Top of Material provided

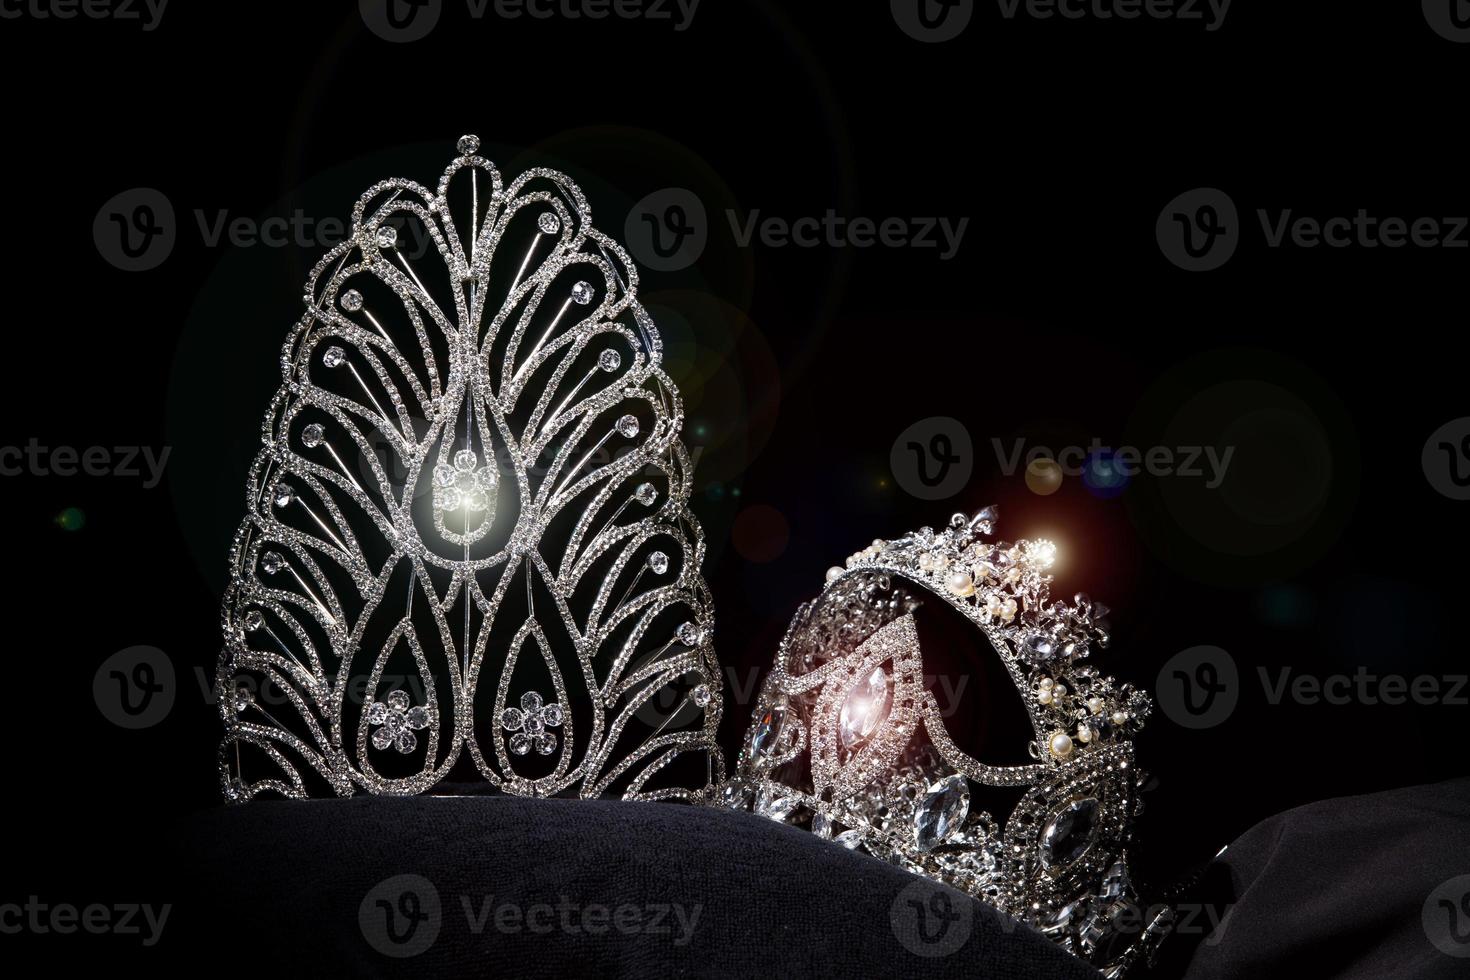 couronne en argent diamant pour le concours de beauté miss pageant, bijoux en diadème en cristal décorés de pierres précieuses et fond sombre abstrait sur tissu en velours noir, espace de copie de macro photographie pour le logo texte photo
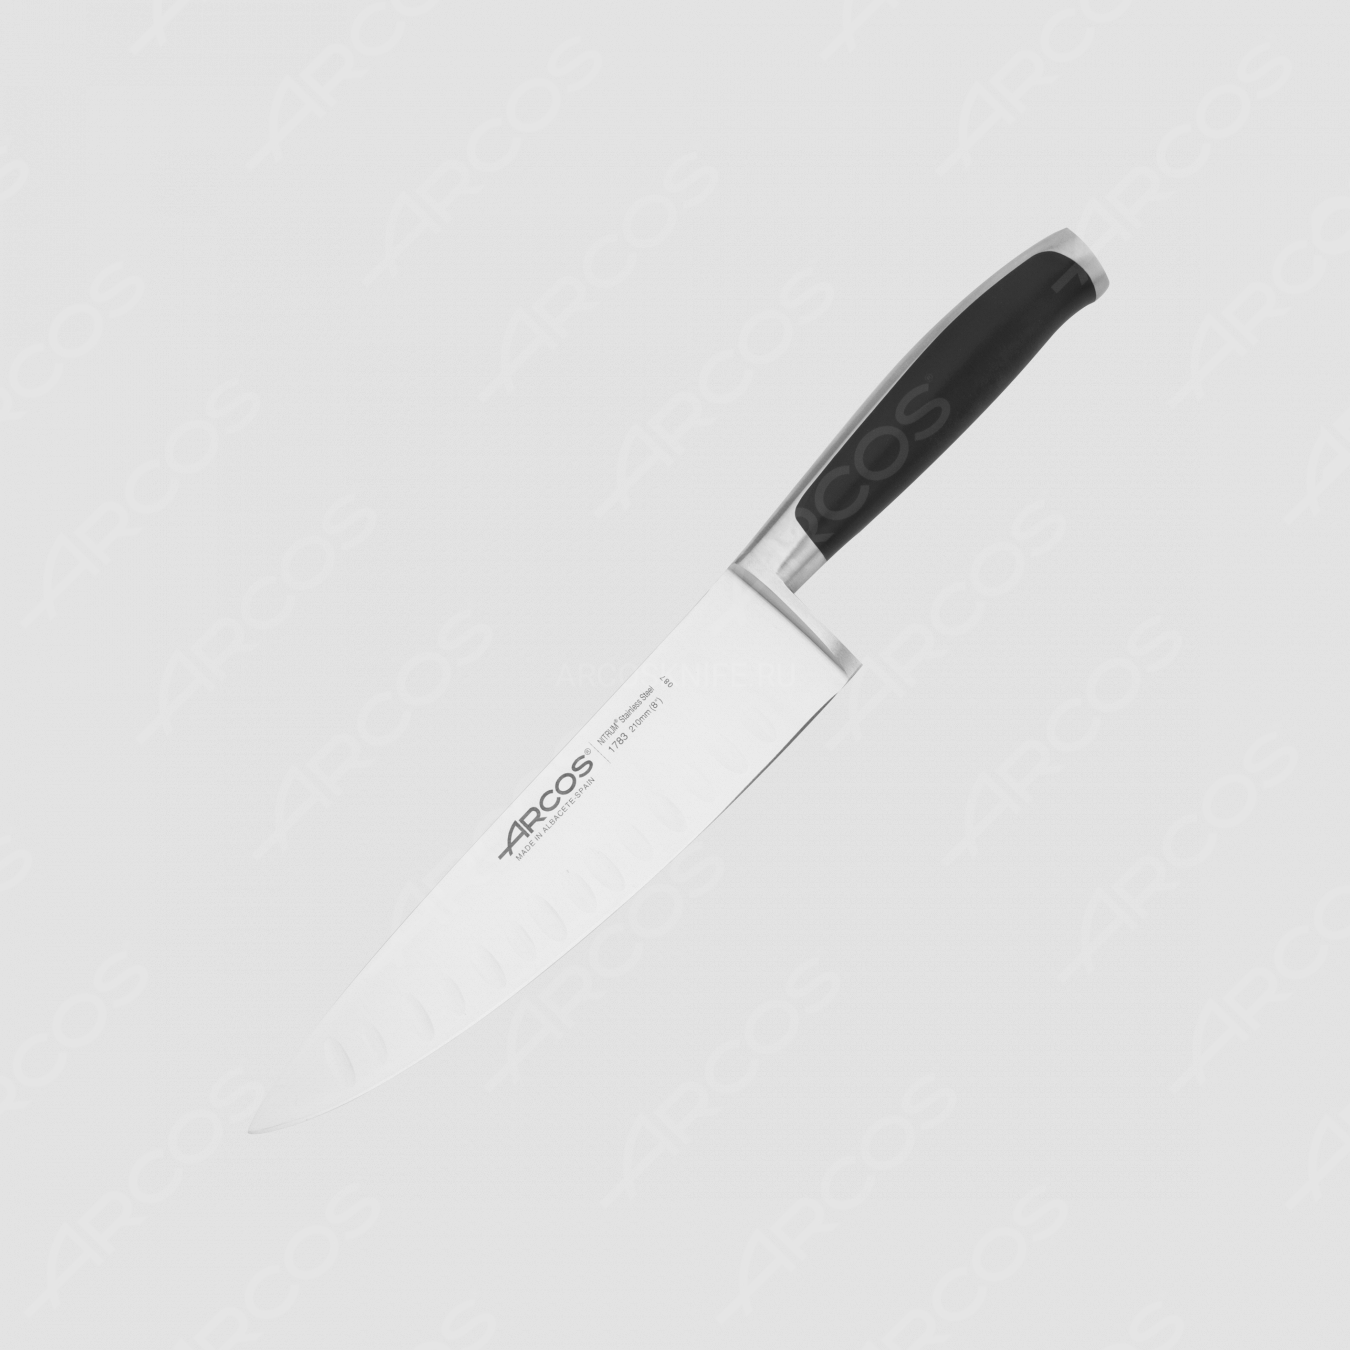 Профессиональный поварской кухонный нож 21 см, серия Kyoto, ARCOS, Испания
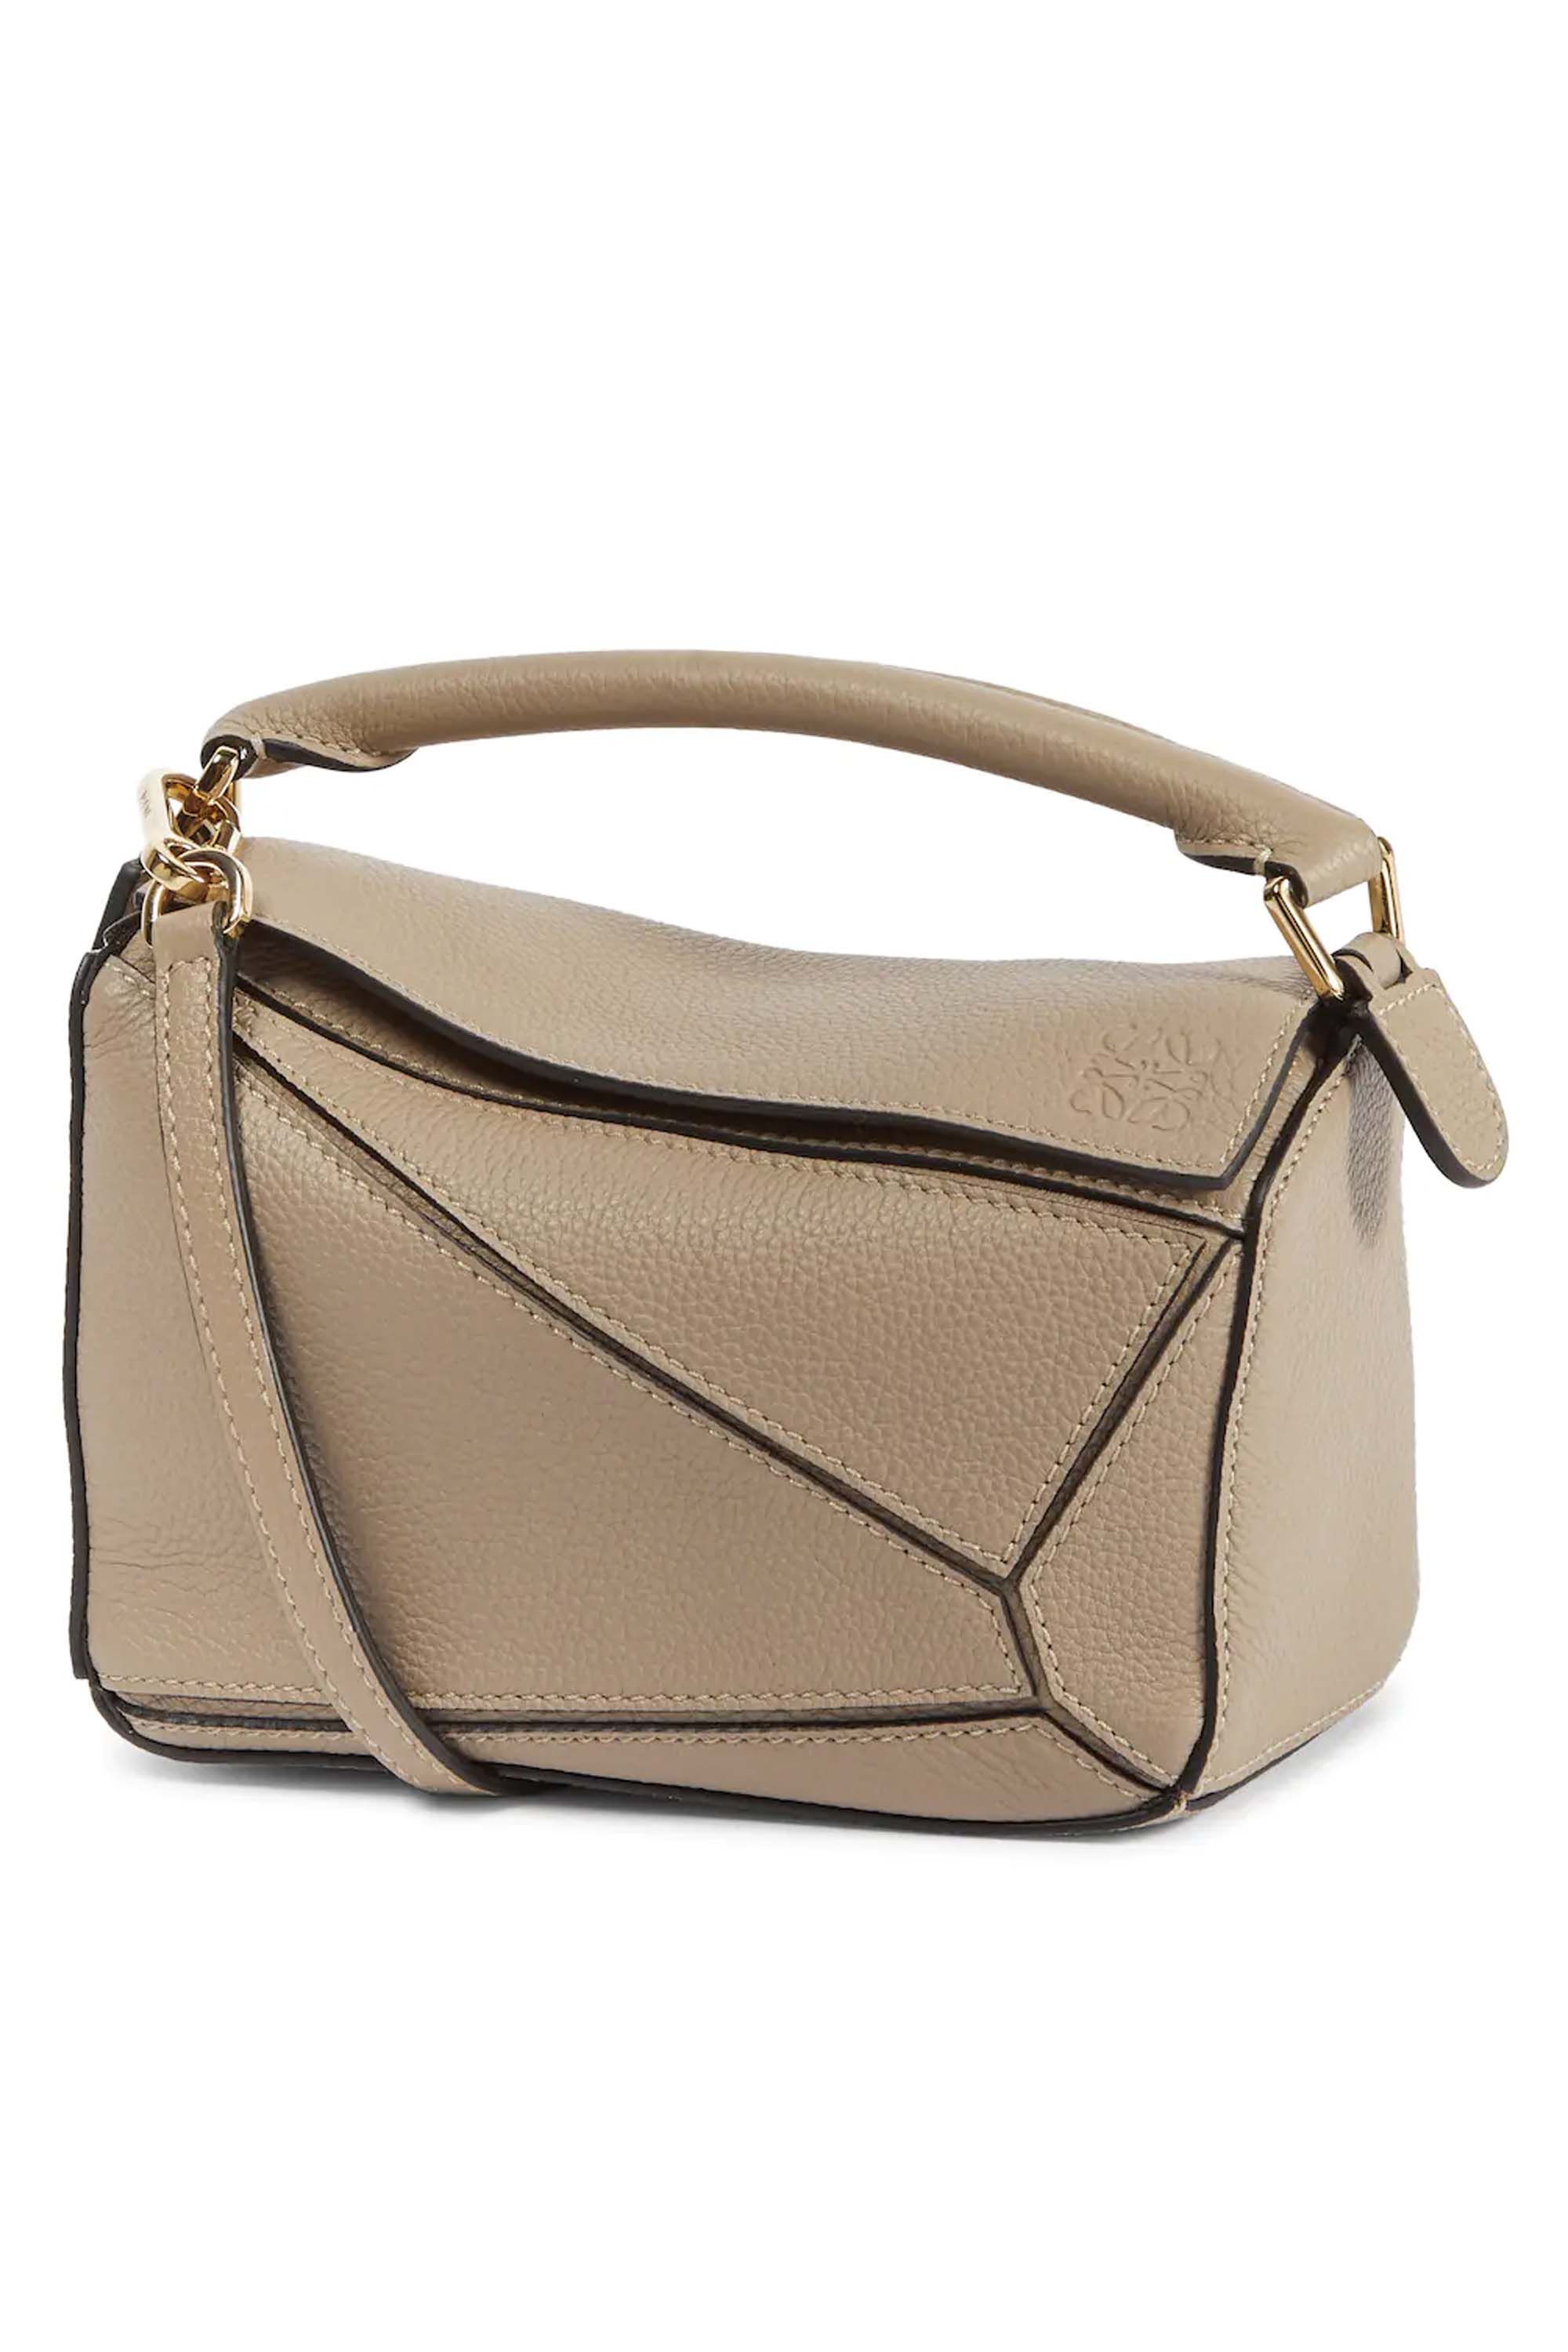 luxury top 10 popular handbag brands

Bottom of Material provided

* [Exercise] Please give the data above again in exact form and omit every picture.

* [Output below]
 couronne en argent diamant pour le concours de beauté miss pageant, bijoux en diadème en cristal décorés de pierres précieuses et fond sombre abstrait sur tissu en velours noir, espace de copie de macro photographie pour le logo texte photo
 Профессиональный поварской кухонный нож 21 см, серия Kyoto, ARCOS, Испания
 luxury top 10 popular handbag brands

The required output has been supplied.